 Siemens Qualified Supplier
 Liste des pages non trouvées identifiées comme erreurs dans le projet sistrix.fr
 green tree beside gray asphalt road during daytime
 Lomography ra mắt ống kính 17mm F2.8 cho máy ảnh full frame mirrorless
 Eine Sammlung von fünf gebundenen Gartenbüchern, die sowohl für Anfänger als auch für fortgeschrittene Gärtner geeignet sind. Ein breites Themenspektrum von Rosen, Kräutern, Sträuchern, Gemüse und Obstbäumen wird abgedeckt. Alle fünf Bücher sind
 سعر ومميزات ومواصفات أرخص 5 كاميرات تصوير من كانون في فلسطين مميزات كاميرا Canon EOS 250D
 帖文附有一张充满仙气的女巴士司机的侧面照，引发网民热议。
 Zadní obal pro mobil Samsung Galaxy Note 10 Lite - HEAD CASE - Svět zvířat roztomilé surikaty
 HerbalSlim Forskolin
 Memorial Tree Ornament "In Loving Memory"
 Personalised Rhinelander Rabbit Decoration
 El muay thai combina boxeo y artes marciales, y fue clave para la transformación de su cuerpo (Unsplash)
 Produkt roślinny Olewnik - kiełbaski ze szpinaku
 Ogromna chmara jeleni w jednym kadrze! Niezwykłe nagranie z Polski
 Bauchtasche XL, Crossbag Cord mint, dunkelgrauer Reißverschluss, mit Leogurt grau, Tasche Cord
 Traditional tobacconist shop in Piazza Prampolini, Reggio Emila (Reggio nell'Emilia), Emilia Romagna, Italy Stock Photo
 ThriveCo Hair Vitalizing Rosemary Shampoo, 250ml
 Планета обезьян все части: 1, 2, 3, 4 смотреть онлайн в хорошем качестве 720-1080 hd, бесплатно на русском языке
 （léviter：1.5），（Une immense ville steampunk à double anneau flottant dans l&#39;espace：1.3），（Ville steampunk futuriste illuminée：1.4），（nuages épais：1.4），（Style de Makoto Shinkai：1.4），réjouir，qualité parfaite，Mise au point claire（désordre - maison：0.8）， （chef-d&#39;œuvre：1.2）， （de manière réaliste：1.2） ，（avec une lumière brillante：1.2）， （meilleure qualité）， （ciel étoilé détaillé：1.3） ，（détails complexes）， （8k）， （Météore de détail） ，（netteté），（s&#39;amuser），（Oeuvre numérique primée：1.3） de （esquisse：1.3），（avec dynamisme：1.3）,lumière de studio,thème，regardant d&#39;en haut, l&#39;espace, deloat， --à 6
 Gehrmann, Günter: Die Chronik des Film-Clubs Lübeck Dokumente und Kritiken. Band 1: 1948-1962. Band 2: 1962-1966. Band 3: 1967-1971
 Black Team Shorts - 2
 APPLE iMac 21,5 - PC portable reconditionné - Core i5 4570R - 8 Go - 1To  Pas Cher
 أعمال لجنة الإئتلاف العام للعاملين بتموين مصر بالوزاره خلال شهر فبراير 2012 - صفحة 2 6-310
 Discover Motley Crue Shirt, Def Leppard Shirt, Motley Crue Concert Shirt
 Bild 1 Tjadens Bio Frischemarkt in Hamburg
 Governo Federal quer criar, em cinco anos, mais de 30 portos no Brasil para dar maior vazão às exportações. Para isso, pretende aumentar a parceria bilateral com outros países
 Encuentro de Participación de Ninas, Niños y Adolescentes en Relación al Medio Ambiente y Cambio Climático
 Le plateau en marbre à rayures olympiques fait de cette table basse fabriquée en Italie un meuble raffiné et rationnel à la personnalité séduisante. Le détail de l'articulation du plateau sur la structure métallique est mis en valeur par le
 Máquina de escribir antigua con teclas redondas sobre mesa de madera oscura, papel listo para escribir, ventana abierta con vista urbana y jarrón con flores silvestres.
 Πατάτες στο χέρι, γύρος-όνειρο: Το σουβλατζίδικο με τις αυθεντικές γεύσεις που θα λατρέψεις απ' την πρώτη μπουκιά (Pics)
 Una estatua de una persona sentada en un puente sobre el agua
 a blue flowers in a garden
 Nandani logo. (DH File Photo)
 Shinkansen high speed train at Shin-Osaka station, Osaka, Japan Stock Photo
____________
Determine the number of lines in the entries that hold "détail". Reply with that number only.

2